◆ INFORMATION SHOWN ◆
━━━━━━━━

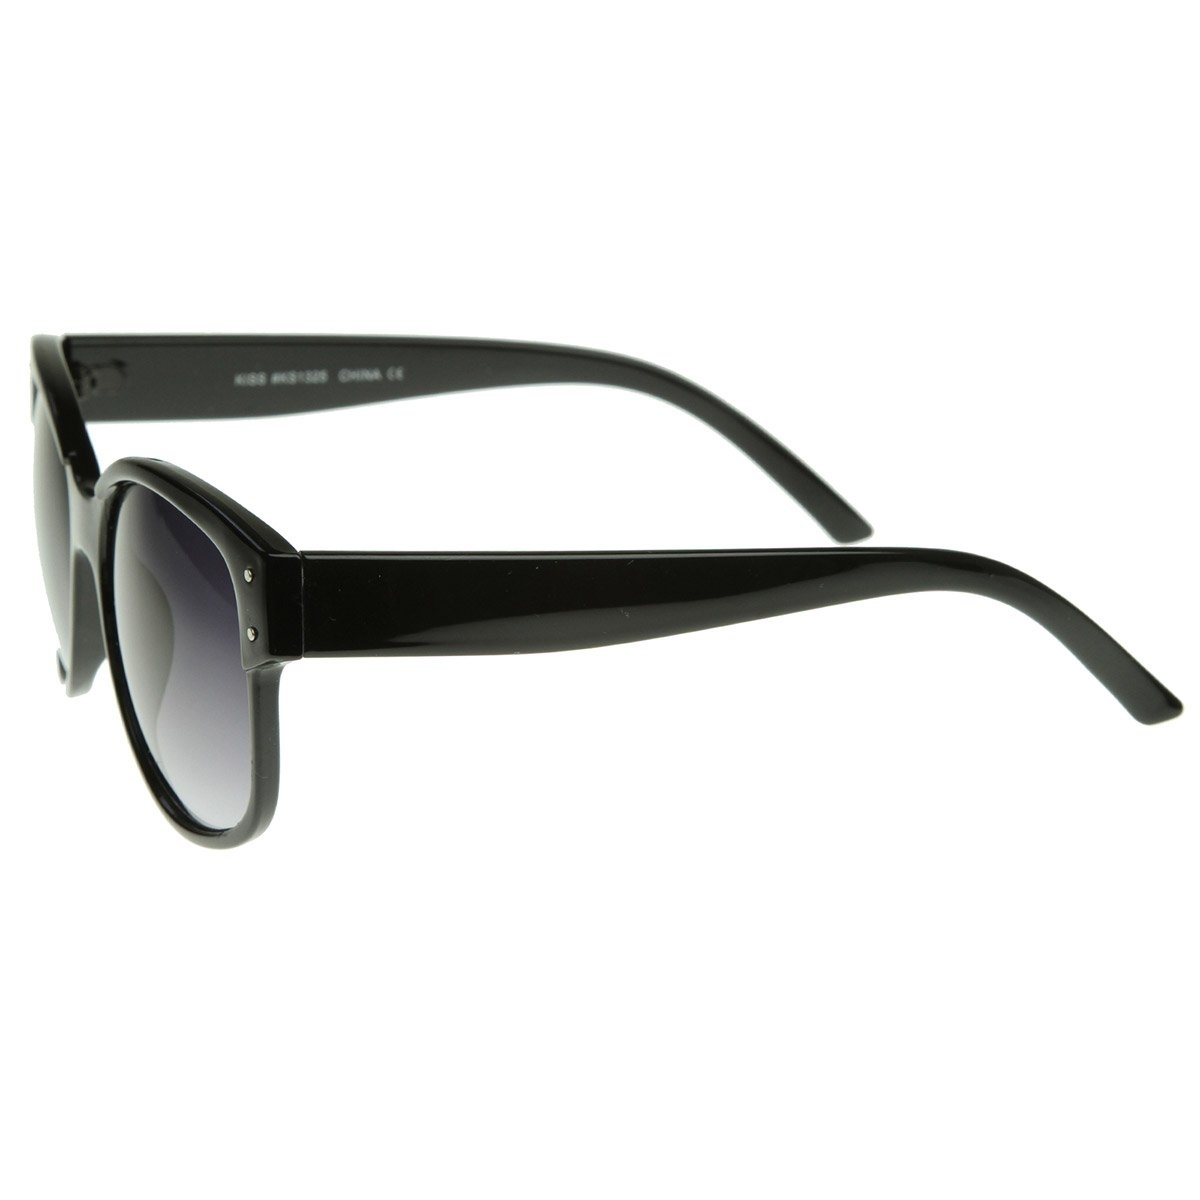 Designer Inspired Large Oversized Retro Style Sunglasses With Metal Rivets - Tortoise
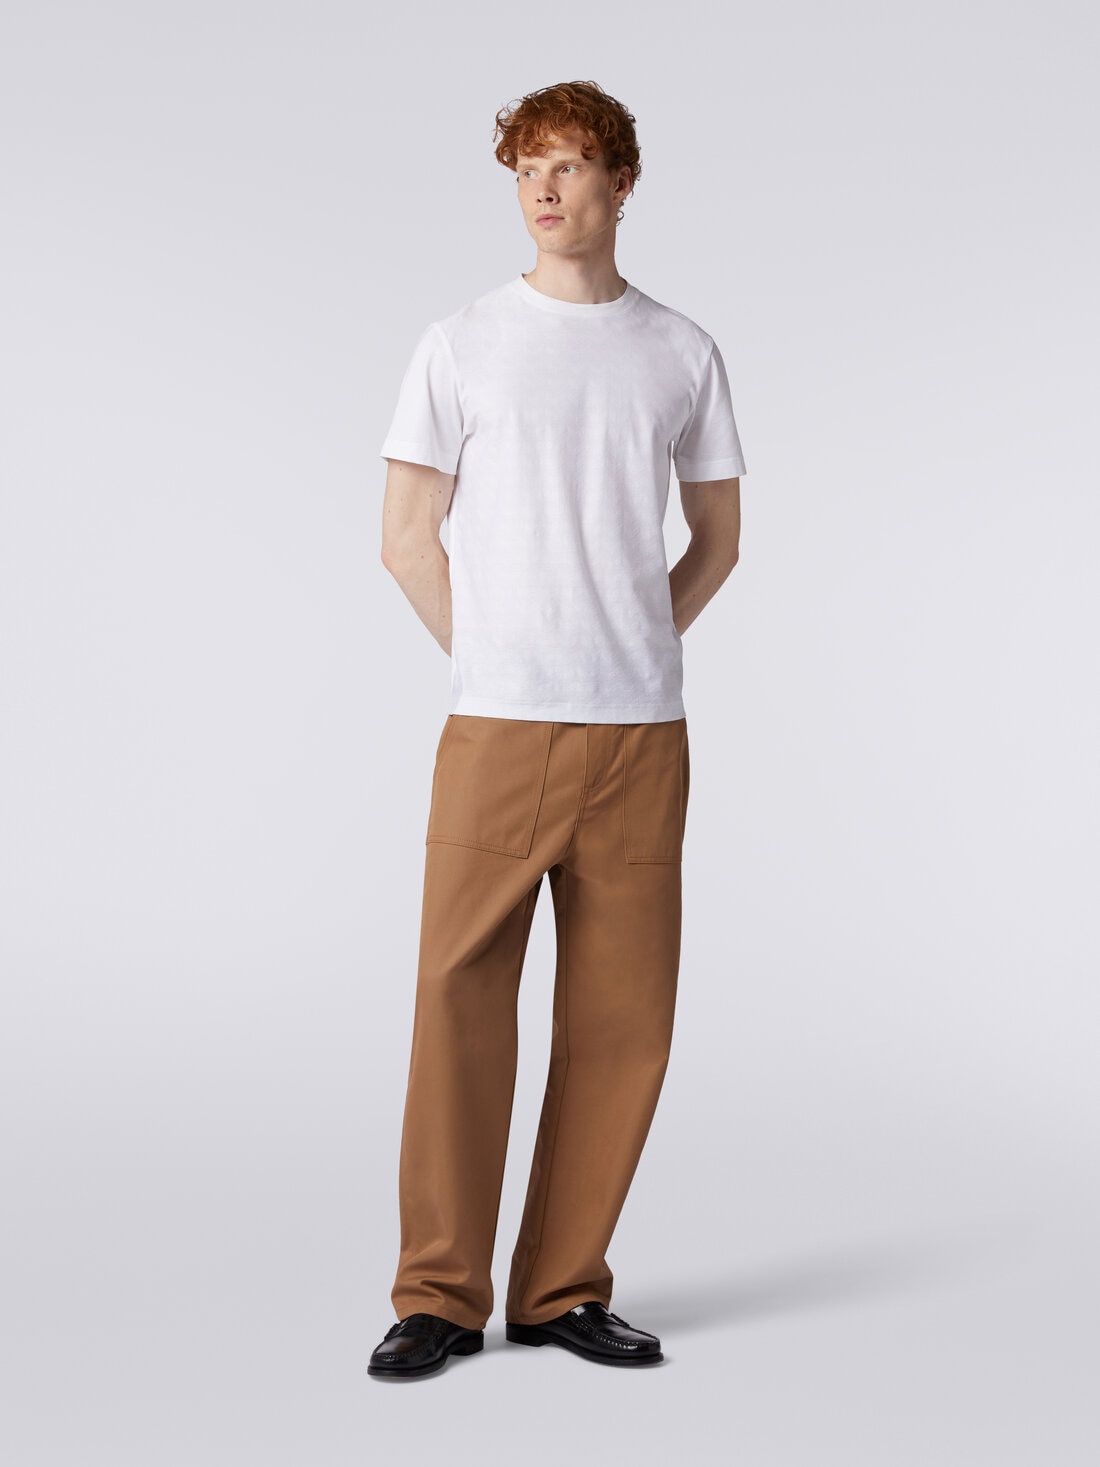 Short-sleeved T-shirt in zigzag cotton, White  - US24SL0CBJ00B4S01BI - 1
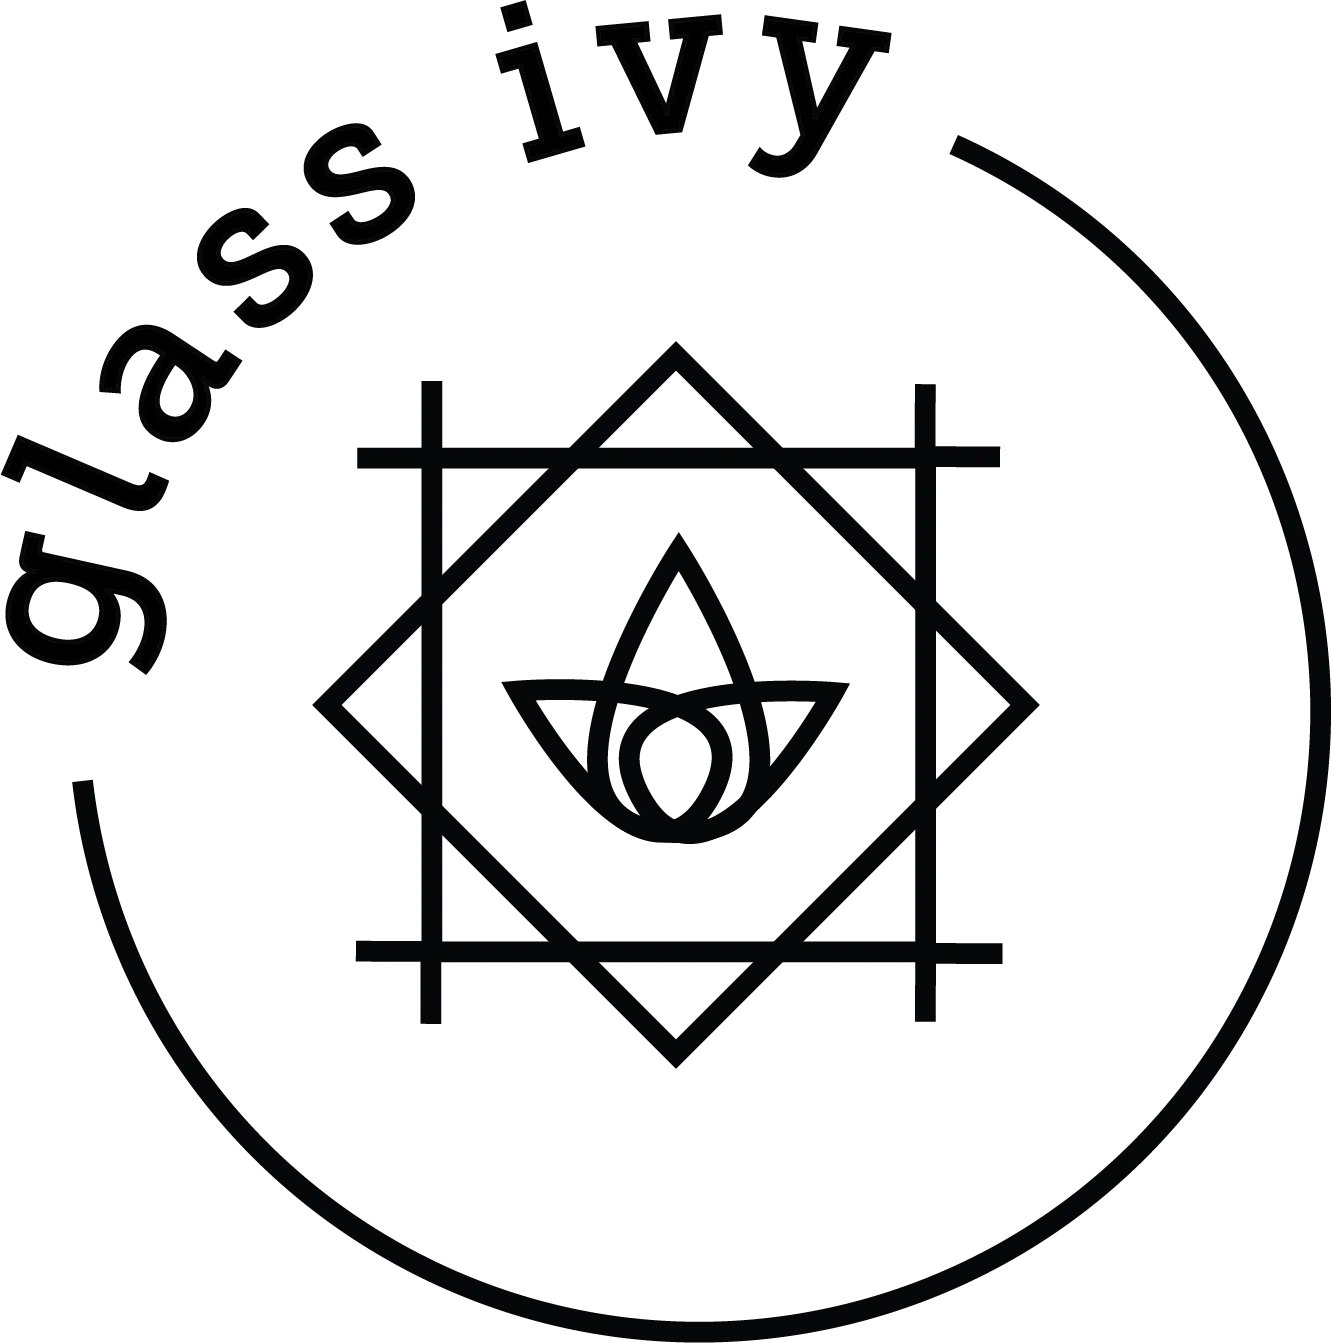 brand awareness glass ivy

━━━━━━━━

◆ REQUIRED ACTION ◆
All the material shown above is to be copied exactly, with no pictures carried over.

◆ RESULT ◆
 Designer Inspired Large Oversized Retro Style Sunglasses With Metal Rivets - Tortoise
 Short-sleeved T-shirt in zigzag cotton, White  - US24SL0CBJ00B4S01BI - 1
 brand awareness glass ivy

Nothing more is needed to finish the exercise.